Summary. The manuscript presents Ground4D, a spatially-grounded feedforward 4D Gaussian Splatting framework for pose-free reconstruction in unstructured off-road scenes. It introduces voxel-grounded temporal Gaussian aggregation that partitions canonical space into voxels and applies query-conditioned temporal attention within each voxel, combined with intra-voxel softmax normalization to resolve conflicting Gaussian observations arising from high-frequency geometry, ego-motion, and non-rigid dynamics. Surface normal cues are added as auxiliary guidance for geometry regularization. Experiments on ORAD-3D and RELLIS-3D are reported to show consistent outperformance over existing feedforward methods together with zero-shot generalization to unseen off-road domains.

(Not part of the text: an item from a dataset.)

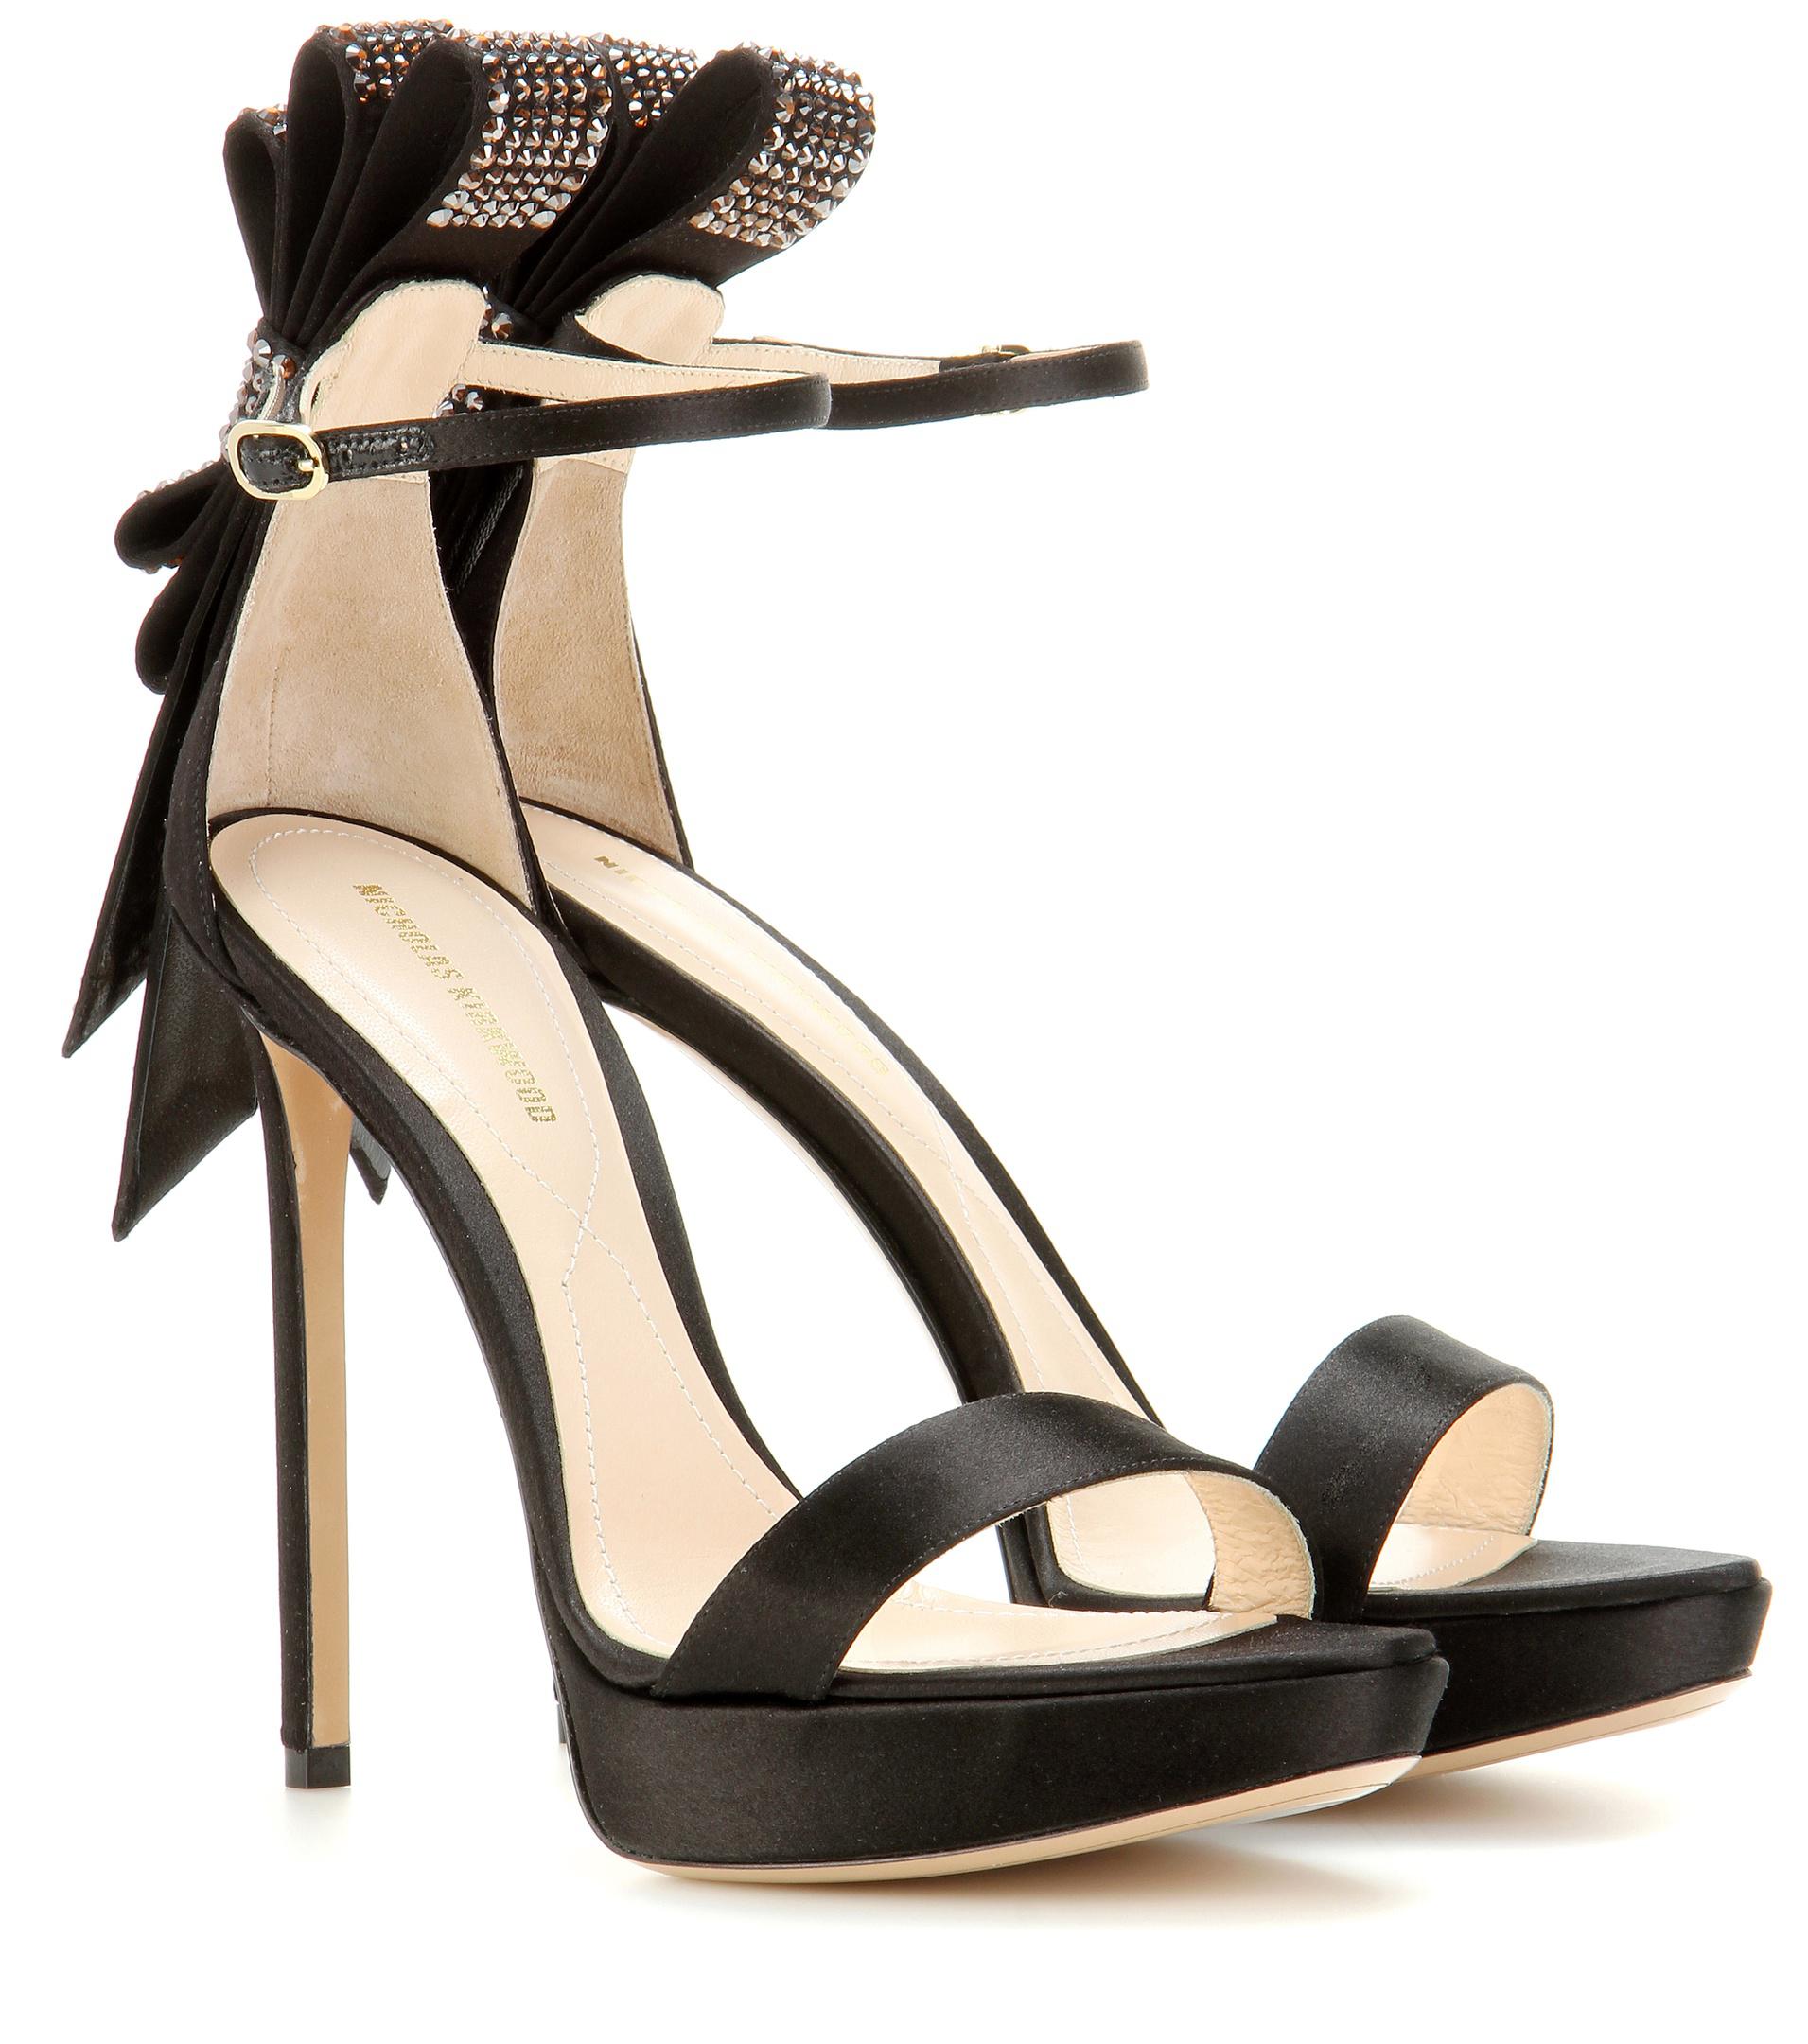 Lyst - Nicholas Kirkwood Faye Embellished Sandals in Black

Significance. If the quantitative results hold, the work would advance feedforward 4D reconstruction for challenging unstructured environments relevant to off-road autonomy and robotics. The explicit spatial localization of temporal attention and the release of code and project page are positive features that support reproducibility and allow direct testing of the proposed components.

major comments (1)

[§3.2] §3.2 (voxel-grounded temporal aggregation and intra-voxel softmax): the claim that intra-voxel softmax makes temporal selectivity and spatial occupancy mutually reinforcing is load-bearing for the central contribution, yet the manuscript provides no targeted analysis or visualization demonstrating that the normalization avoids occupancy discontinuities or over-smoothing when Gaussians straddle voxel boundaries under non-rigid motion and high-frequency off-road geometry. This assumption directly affects whether the reported quality gains are attributable to the mechanism rather than trading one class of artifacts for another.

minor comments (1)

The abstract states outperformance and zero-shot generalization but does not report any numerical metrics, error bars, or baseline comparisons; adding a concise quantitative highlight would improve readability without altering the technical content.

Simulated Author's Rebuttal

1 responses · 0 unresolved

We thank the referee for the constructive and detailed feedback on our manuscript. We address the major comment point by point below and will revise the paper to incorporate additional analysis as suggested.

read point-by-point responses

Referee: [§3.2] §3.2 (voxel-grounded temporal aggregation and intra-voxel softmax): the claim that intra-voxel softmax makes temporal selectivity and spatial occupancy mutually reinforcing is load-bearing for the central contribution, yet the manuscript provides no targeted analysis or visualization demonstrating that the normalization avoids occupancy discontinuities or over-smoothing when Gaussians straddle voxel boundaries under non-rigid motion and high-frequency off-road geometry. This assumption directly affects whether the reported quality gains are attributable to the mechanism rather than trading one class of artifacts for another.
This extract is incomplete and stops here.